Typescript: Adding barrels into typescript
Let’s use barrel for more readable code
Ilearned recently called barrel that is simple but useful import/export strategy. If you are working on huge project, so you have to handle a bunch of imports statement, barrel might be a good solution for you.
So, what is barrels?
A barrel is a way to rollup exports from several modules into a single convenient module. The barrel itself is a module file that re-exports selected exports of other modules.
So when a barrel is useful?

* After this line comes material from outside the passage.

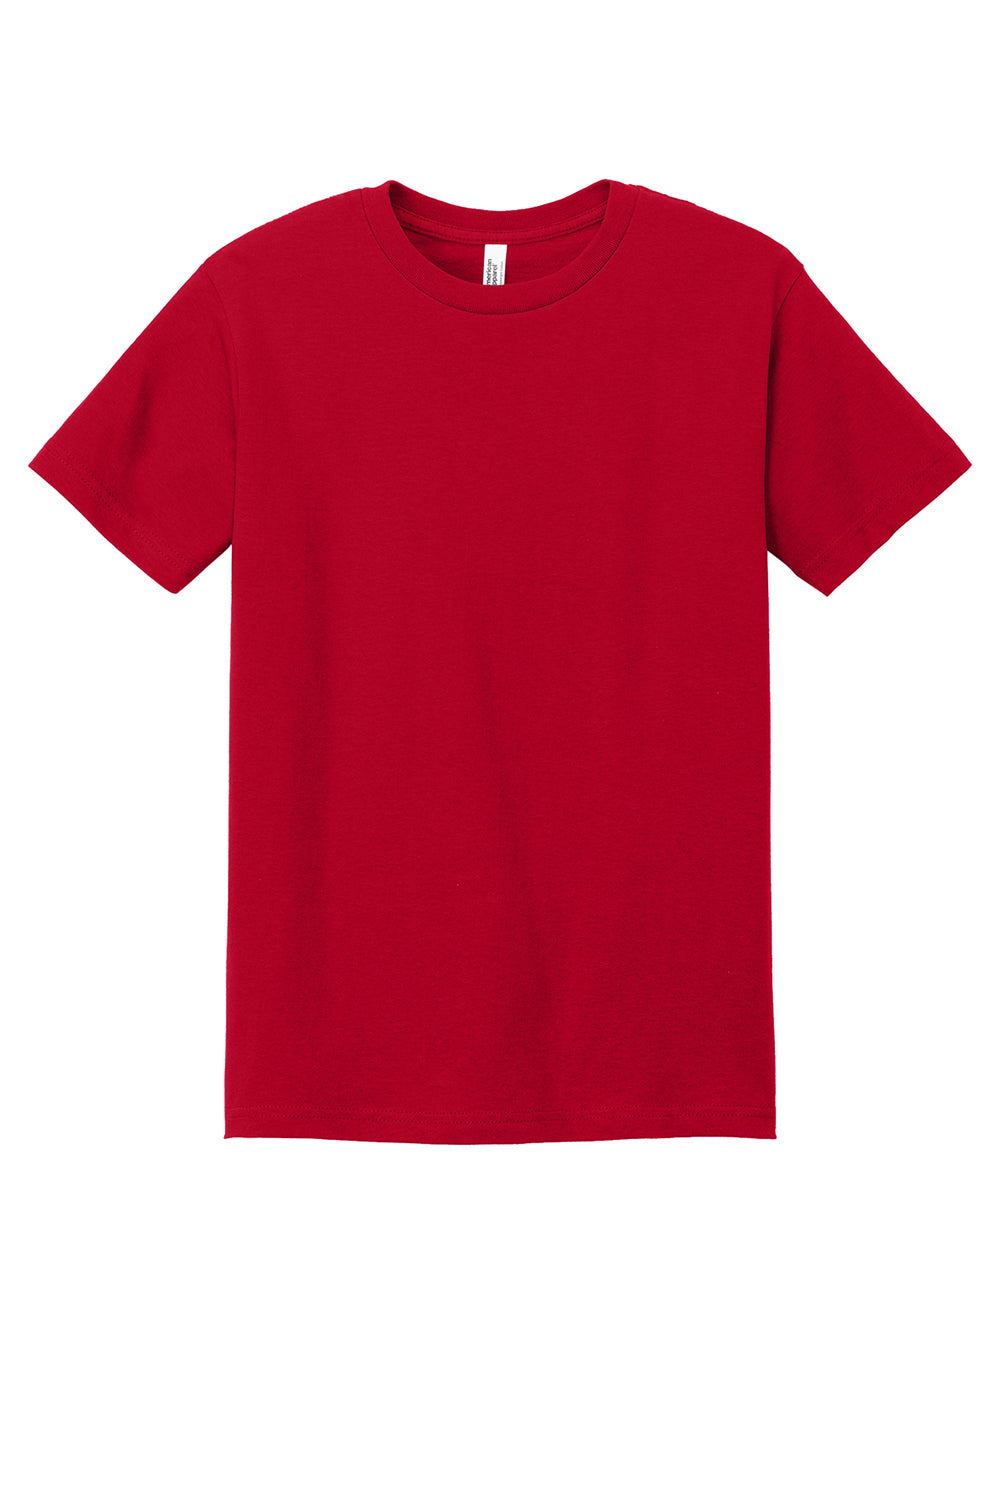 American Apparel 1301/AL1301 Mens Short Sleeve Crewneck T-Shirt Red Flat Front

Let’s consider below scenario. Let’s say you are building a table component and it has three sub components. Then a folder structure is like below:
Table (folder)
- TableA.tsx
- TableB.tsx
- TableC.tsx
// Table/TableA.tsx
export TableA() {...}// Table/TableB.tsx
export TableB() {...}// Table/TableC.tsx
export TableC() {...}
If you need to import these three components, you are likely to import like this. It is normal but redundant, right?
import { TableA } from '../Table/TableA';
import { TableB } from '../Table/TableB';
import { TableC } from '../Table/TableC';
Adding barrels in typescript
Let’s refactor the code in cleaner and easier way using barrel. Barrel makes code more readable and maintainable.
First, create index.ts
inside Table folder. (Table/index.js
)
// Table/index.tsexport * from './TableA';
export * from './TableB';
export * from './TableC';
Once you re-export multiple modules, just import it at once. That’s it!
import { TableA, TableB, TableC } from '../Table';
Conclusion
Barrels is useful when your code is bigger and bigger. Barrel is not special features of typescript. You can also apply it in javascript.